老いに眠ればD28
1.雫の落ちる音、時計の刻む時間。
TVを消す。スマホを切る。時計の音から耳を逸らす。時間を知らせる物を意識から切り離し、思考と時間の速度をスロウにする。
外の喧騒を置いてけぼりにするエゴイズムを他所に、『それ』は私の中で勝手に美しい物として確立される。
身勝手な物だな、と常々思う。何故なら『それ』は現実逃避でもある為である。私の中に勝手に美しい世界を構築する。幸せとはそれ以外の何者でもない。他国の戦争から目を逸らすエゴイズムを完全に排除して成立する幸せなど存在しない。悲鳴を受け入れながら笑える精神性を、私は持ち合わせていない。
『それ』とはつまり、時間をスロウにする事、ゆったり。イメージの中の時計の針が進む速度を忘れ、意識に映された世界が時間という概念を忘れる。何も変わらず変えられず、時の流れを認識出来ない世界を、取り敢えず美しいと呼んだりする。時にはそういった世界が整った思考の為に必要だったりもする。
その世界に私が居るという事が幸せに繋がる……というのは私の勝手な主観ではあるが、何にせよ、人は多かれ少なかれ、『幸せ』という罪を背負っている。誰しも平等にそれは背負わされる。
まぁ、とは言いながらもこれらは大袈裟な話ではある。
例えそういった幸せを指向するエゴイズムを放棄したとして、一体どれだけの人がそれだけで救われるのか/救えるのか?という話にはなる。出来る限りの努力は出来たとしても、それで救える数がほんの少ししか変化しないのだとすれば、自分が幸せのままの方がよっぽど…何というか、行為の質?が良いのではないか、など。
私はどうせ矮小な存在ではあるのだから、
精神と肉体を投げうって新たに救えるようになれる人達の数などたかが知れているのだから、
だったら自分の身を精神を安定させ長く救い続けられる方が良いのでは、という話になる。
救うというのも大袈裟だ。手伝う、くらいの感覚。
では私は、私に対してどれだけの幸せを許したら良いのか。
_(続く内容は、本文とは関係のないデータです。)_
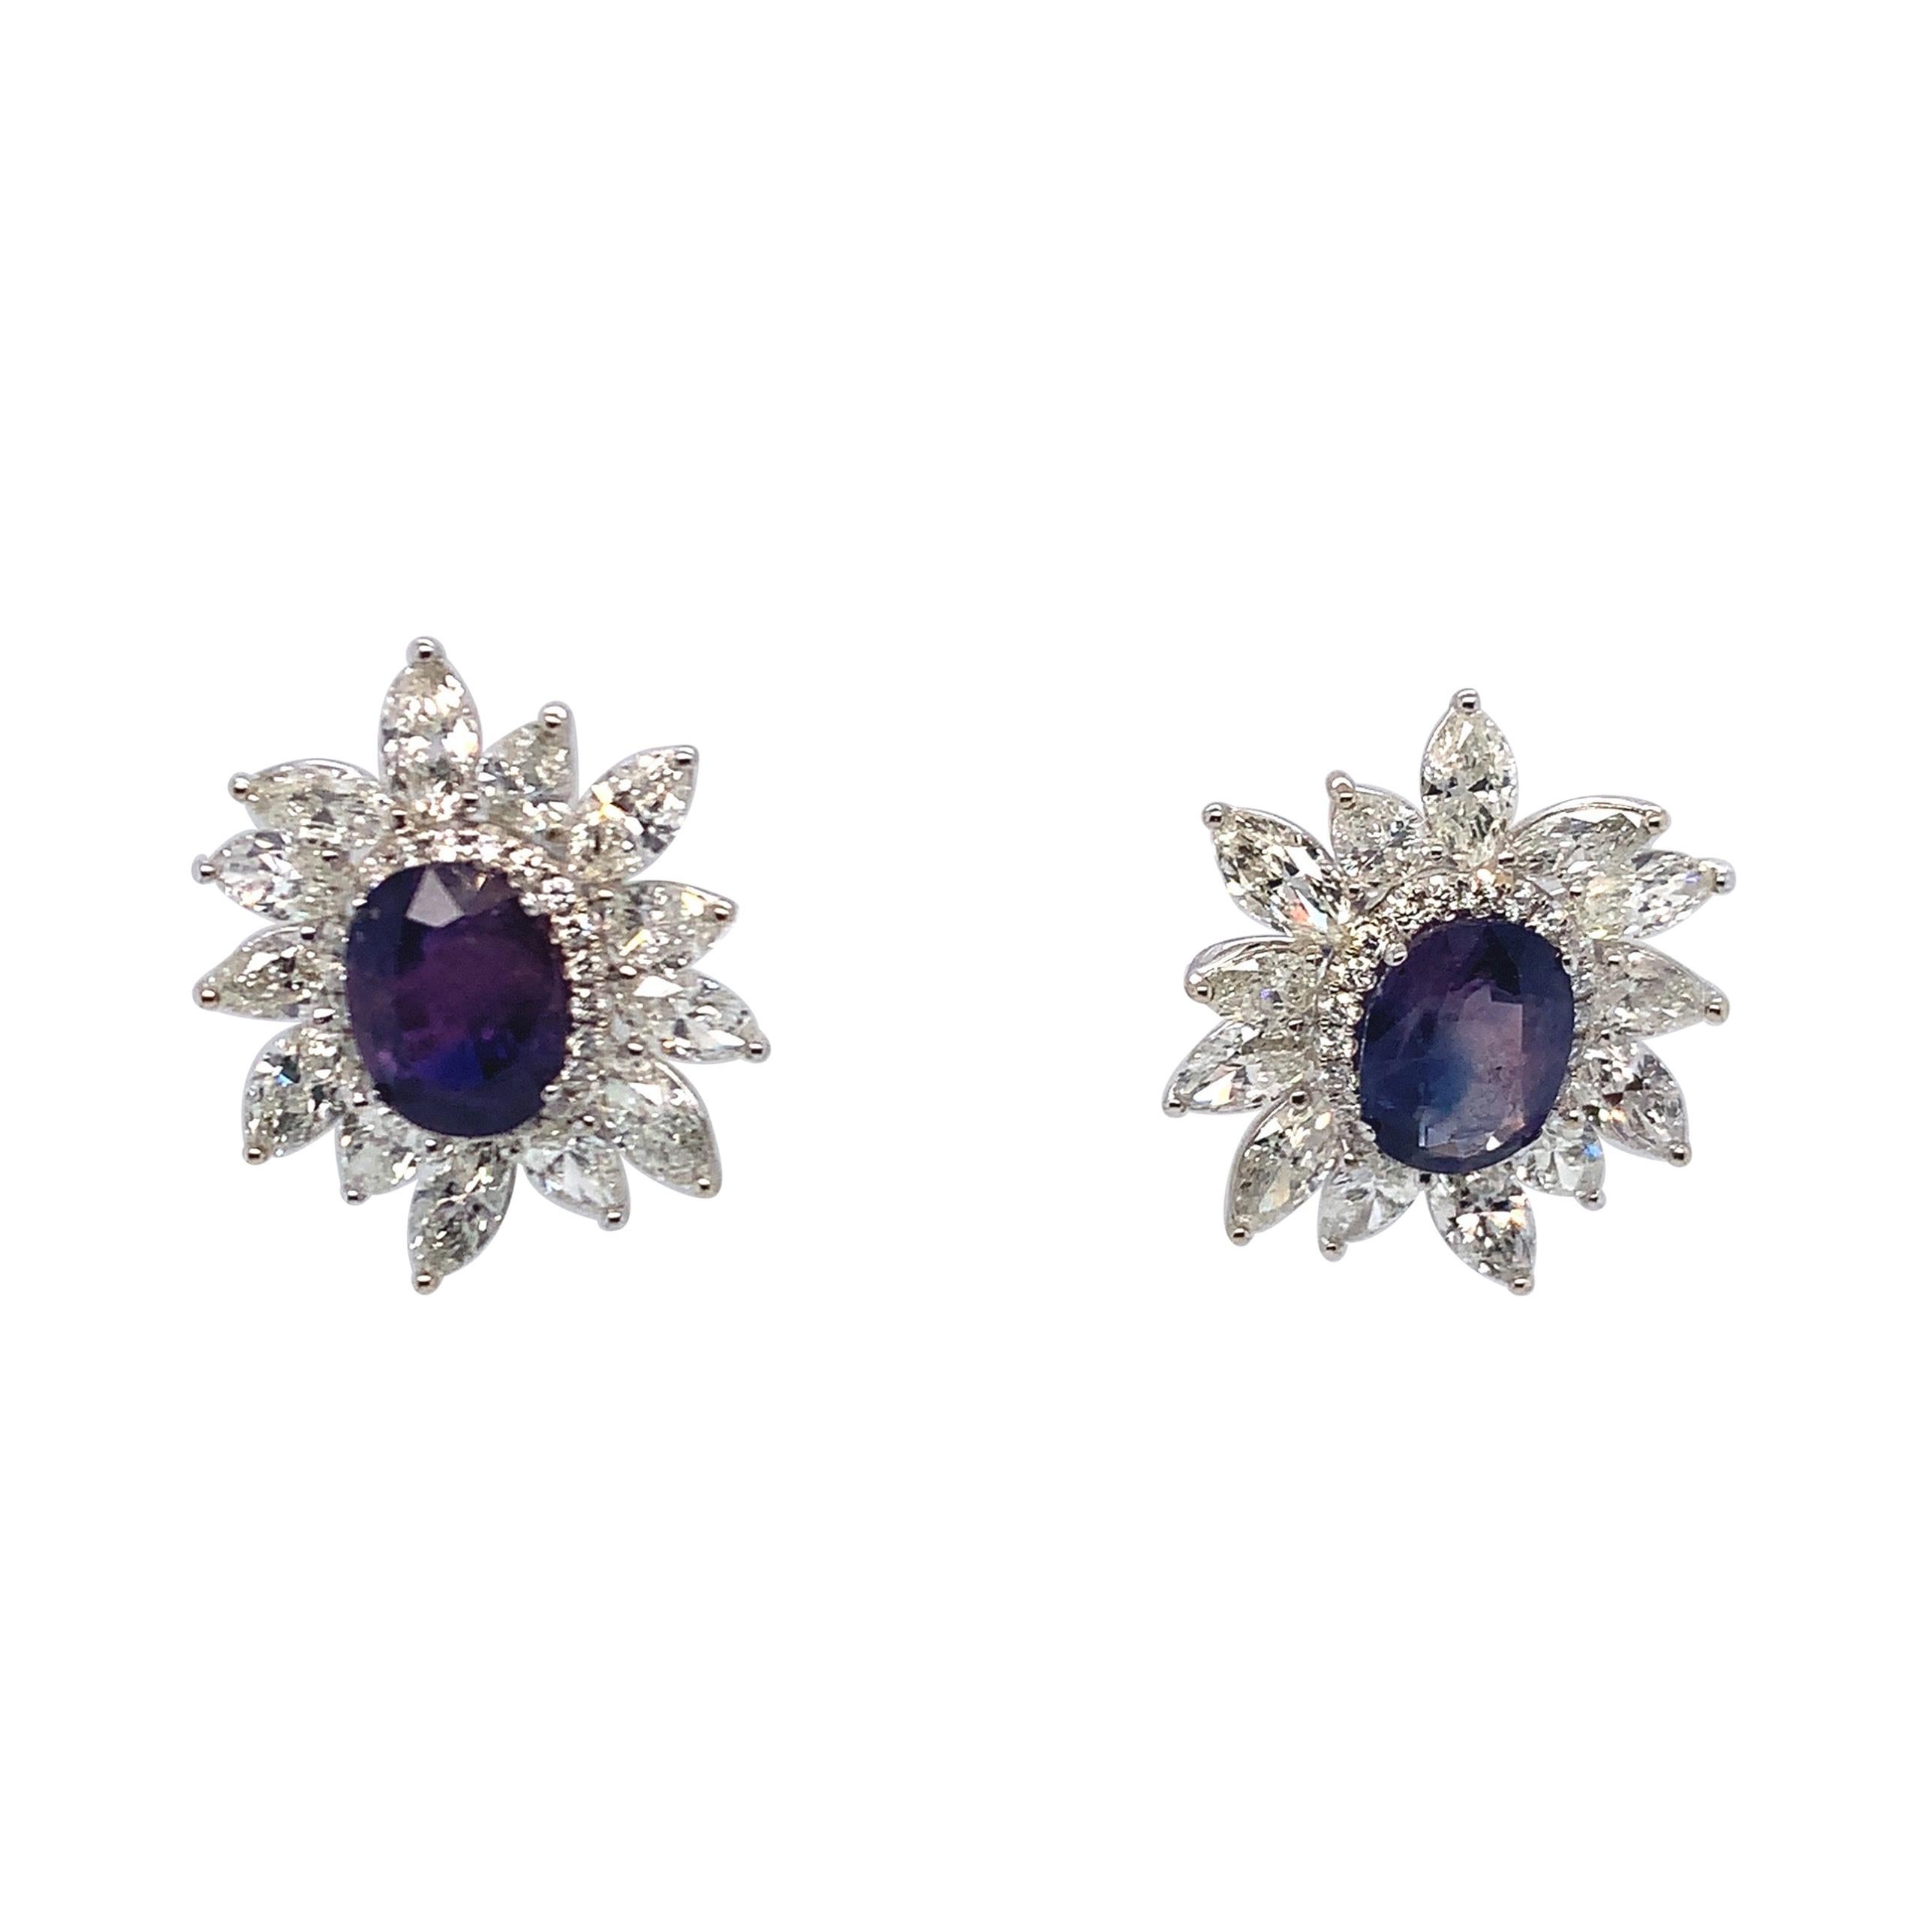 GIA Certified 7.05 Carat Blue Kashmir Sapphire Diamond Earrings in 18K Gold

悲鳴の裏で私が幸せになる事を、何処まで許容出来るのか。
他人を参照されたし。未来の自分。ワーカホリックになるも良し。開き直るも良し。悲鳴に照準を合わせ、地道な努力でにじり寄るも良し。好きな程度に幸せになり、他人の不幸を踏み躙ると良い。
「言い方ってものがあるんじゃない?」
事実だろう。自分よ。耳を塞ぐエゴイストよ。
2.老いを考えるようになる。
時間が経つごとに出来る事は減り、肉体の節々は軋み、思考や認識は柔軟さを失い、硬直と暴力性を纏う。
他人のそういった姿を見て、自分の胸中にふと去来したのは「悲しみ」だった。
当然、それは身勝手な悲しみである。他人の老いに対してどんな感情を抱こうが、それはこちら側の勝手な憶測に過ぎない。幸せそうにしている老人に「悲しいですよね、老いてしまうのは」とは何と暴力的な。そんな事言わないだろう。
しかしそれが身勝手だと知りながら、自由が失われる?事に悲しみを覚える。
身勝手さを噛み砕く。反芻する。主観的だなぁ、と山彦が帰ってくるので、「悲しむのは悪い事ですか?」と答える。
山彦はなんにも言わない。あんまりにもそりゃ無責任じゃないか。
何故か知らないが28歳になった。成ったとは何だ、成ったとは。
ただそこにあるだけで錆びつく物を「成った」と呼ぶのか。あたかもそれが時間に比例して自動的に価値を帯びていくかのように。
なら人間を白い部屋に閉じ込めて放置しておくだけで価値のある存在に「成る」のか?というよりはより大きな価値を纏うようになるのか?そんな筈はない。
経験だと思う。時間と共に纏ってしまうものは。それが積み重なった集大成の事を「何者かに成る」と呼ぶんであって。
なら、28歳分の経験を纏って自分に成り続けているのか。とてもgrotesqueじゃないか。グロテスク。自我はうねる様で。そうやって生まれて、キメラになって死んでいく。